Section 4.02 THIRD-PARTY CONSENTS. None of the contracts, agreements,
leases, or other commitments, written or oral, to which Purchaser is a party or
to which any of its properties or assets are subject require the consent of any
other party in order to consummate the transactions herein contemplated, except
where the failure to obtain such consent would not have a material adverse
effect on the transactions contemplated herein. Except for the satisfaction of
requirements of federal and state securities and corporation laws, no
authorization, approval, consent, or order of, or registration, declaration, or
filing with, any court or other governmental body is required in connection with
the execution and delivery by Purchaser of this Agreement and the consummation
by Purchaser of the transactions contemplated hereby.

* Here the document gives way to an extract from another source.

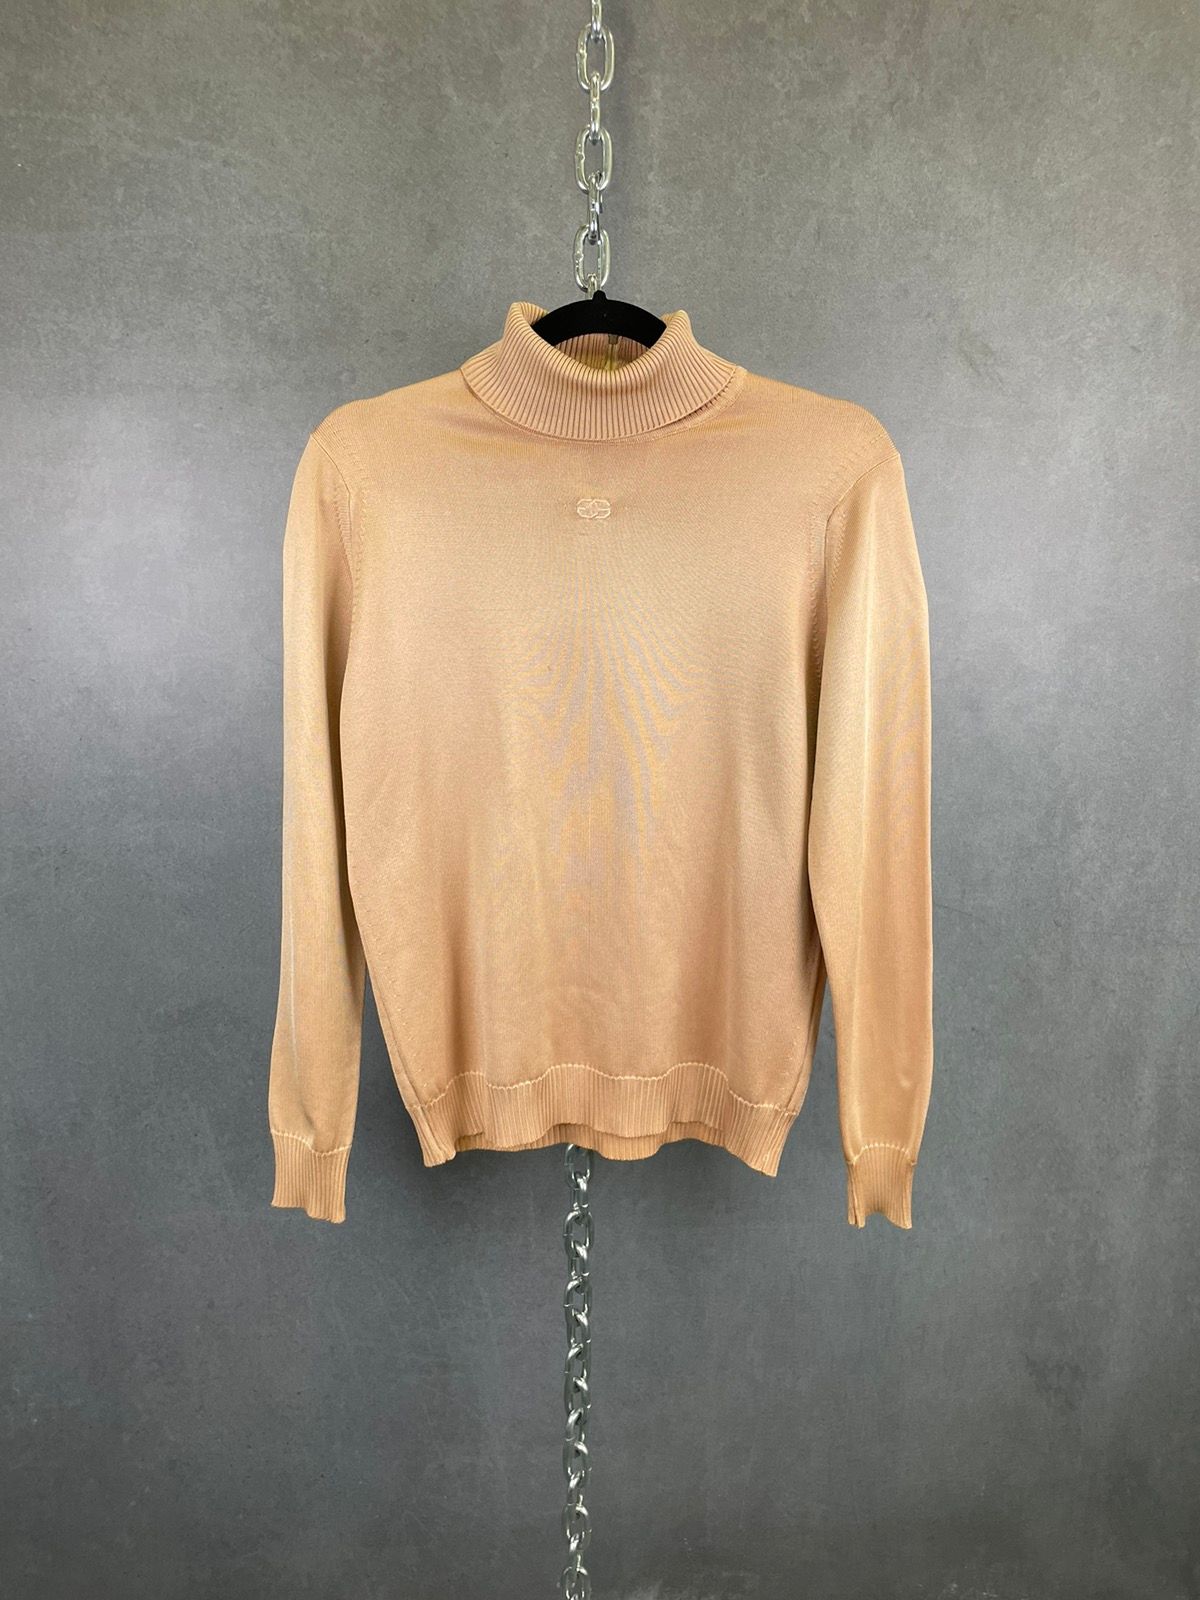 Givenchy Vintage 70s Givenchy Sport Tan Turtleneck Top Size 38 Size S / US 4 / IT 40 - 1 Preview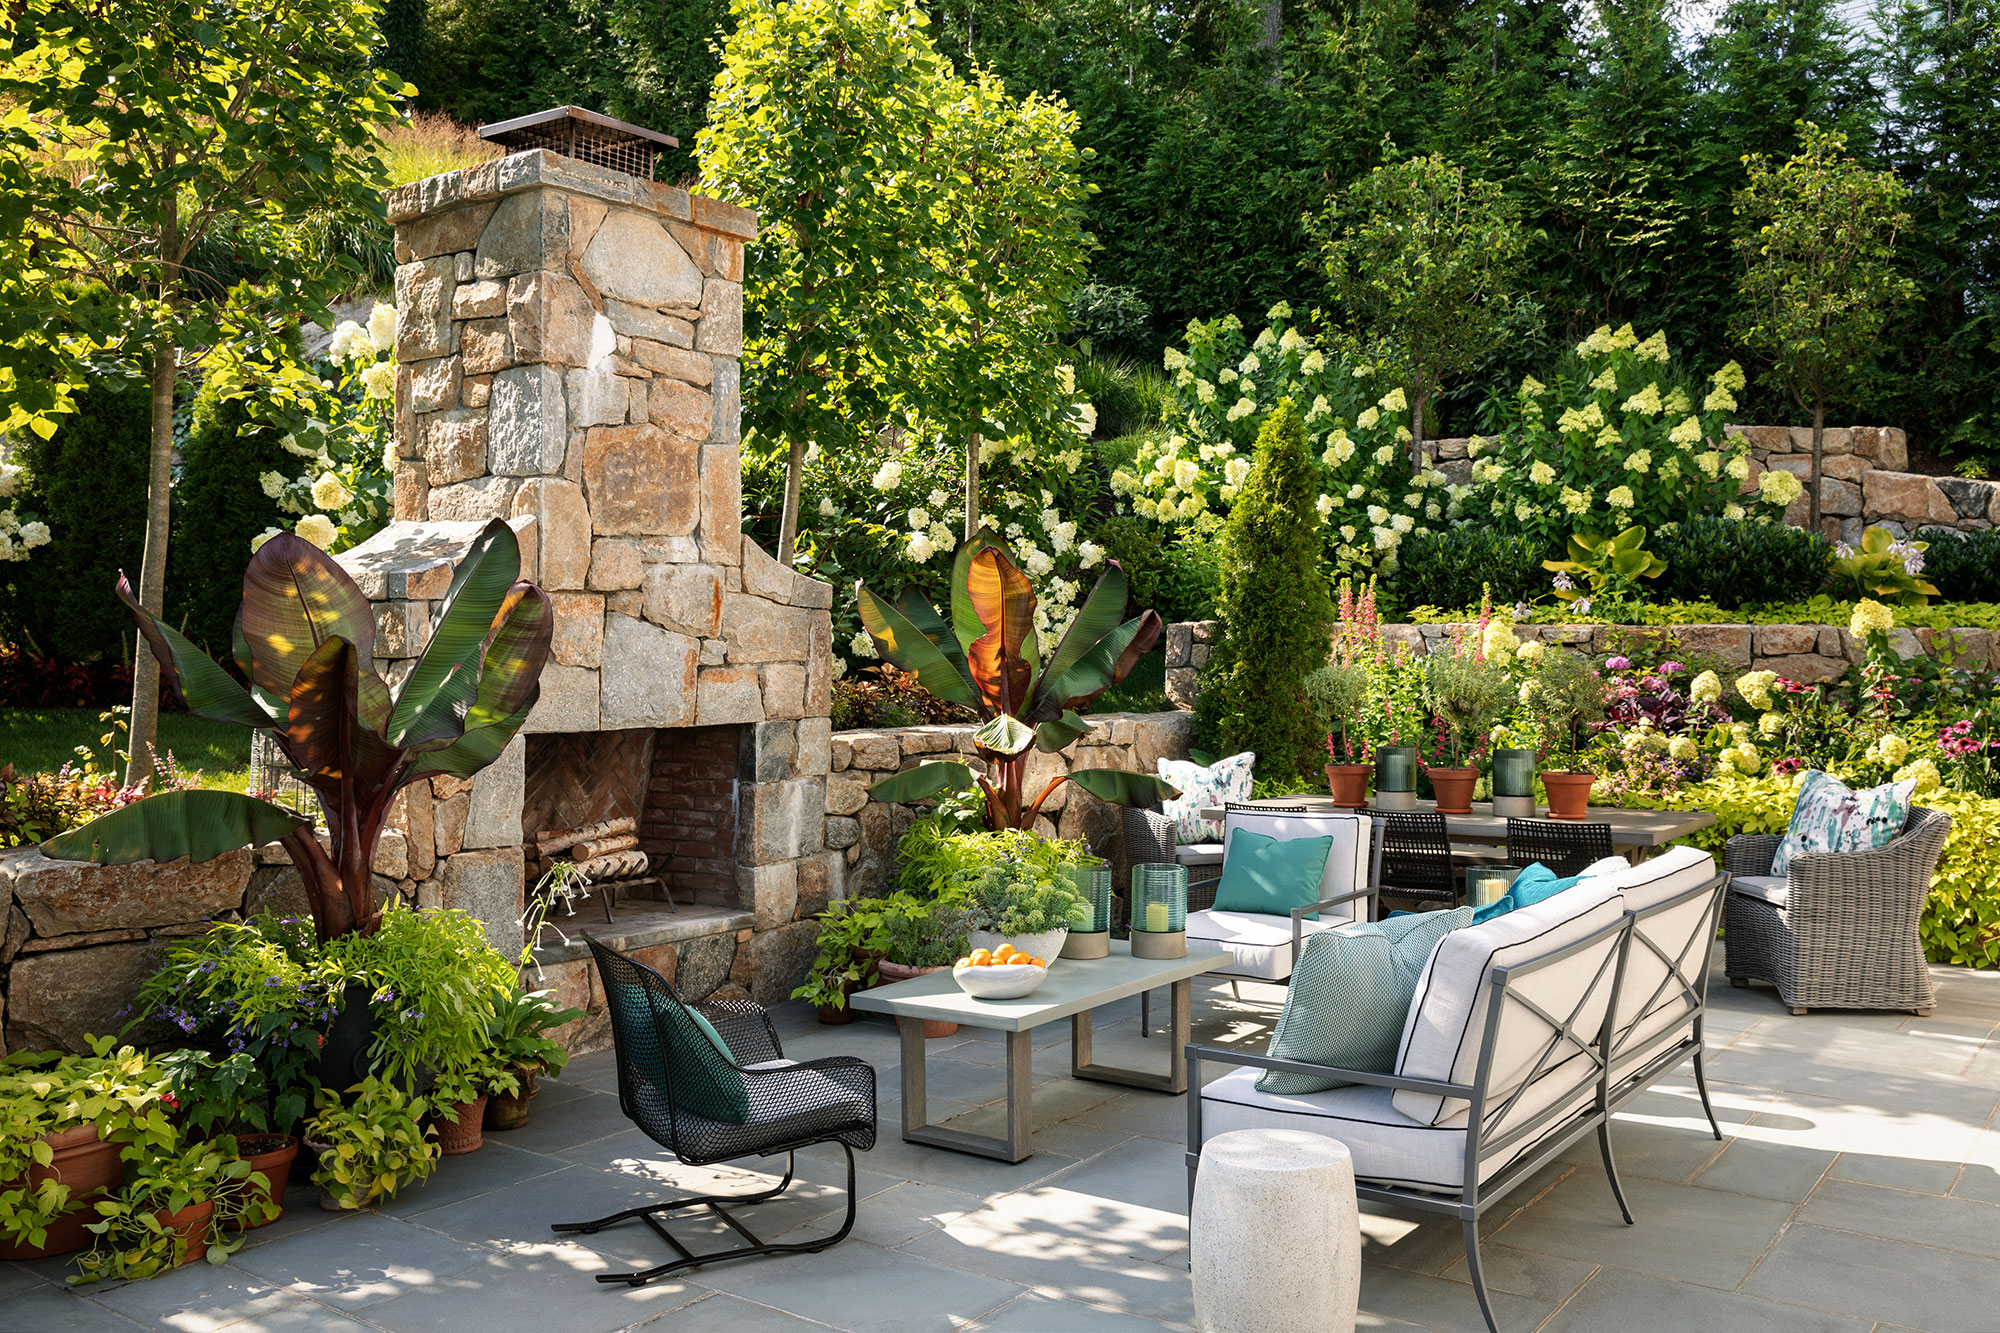 Colorful, inviting outdoor seating group in front of a stone fireplace and beside a large table topped with potted plants

Section 4.03 NO CONFLICTS WITH OTHER INSTRUMENTS. The execution and
delivery of this Agreement does not, and the consummation of the transactions
contemplated by this Agreement in accordance with the terms hereof will not,
violate, conflict with, result in a breach of the terms, conditions, or
provisions of, or constitute a default, an event of default, or an event
creating rights of acceleration, termination, or cancellation or a loss of
rights under, any material note, instrument, agreement, mortgage, lease,
license, franchise, permit or other authorization, right, restriction, or
obligation to which Purchaser or any of its assets are subject or by which
Purchaser is bound.
Section 4.04 INFORMATION. The information concerning Purchaser set forth
in this Agreement is complete and accurate in all material respects and does not
contain any untrue statement of a material fact or omit to state a material fact
required to make the statements made, in light of the circumstances under which
they were made, not misleading.
ARTICLE V
SPECIAL COVENANTS
Section 5.01 INDEMNIFICATION BY PURCHASER. Purchaser will indemnify and
hold harmless Seller from and against any and all losses, claims, damages,
expenses, liabilities, or actions to which any of them may become subject under
applicable law (including the Securities Act and the Exchange Act) and will
reimburse them for any legal or other expenses reasonably incurred by them in
connection with investigating or defending any claims or actions, whether or not
resulting in liability, insofar as such losses, claims, damages, expenses,
liabilities, or actions arise out of or are based upon any untrue statement or
alleged untrue statement of a material fact contained in any application or
statement filed with a governmental body or arise out of or are based upon the
omission or alleged omission to state therein a material fact required to be
stated therein, or necessary in order to make the statements therein not
misleading, but only insofar as any such statement or omission was made in
reliance upon and in conformity with information furnished in writing by
Purchaser expressly for use therein. Purchaser agrees at any time upon the
request of a Seller to furnish to it a written letter or statement confirming
the accuracy of the information with respect to Purchaser contained in any
report or other application or statement referred to in this Article V, or in
any draft of any such documents, and confirming that the information with
respect to Purchaser contained in such document or draft was furnished by
Purchaser, indicating the inaccuracies or omissions contained in such document
or draft or indicating the information not furnished by Purchaser expressly for
use therein. The indemnity agreement contained in this section 5.01 shall
remain operative and in full force and effect, regardless of any investigation
made by or on behalf of Seller and shall survive the consummation of the
transactions contemplated by this Agreement.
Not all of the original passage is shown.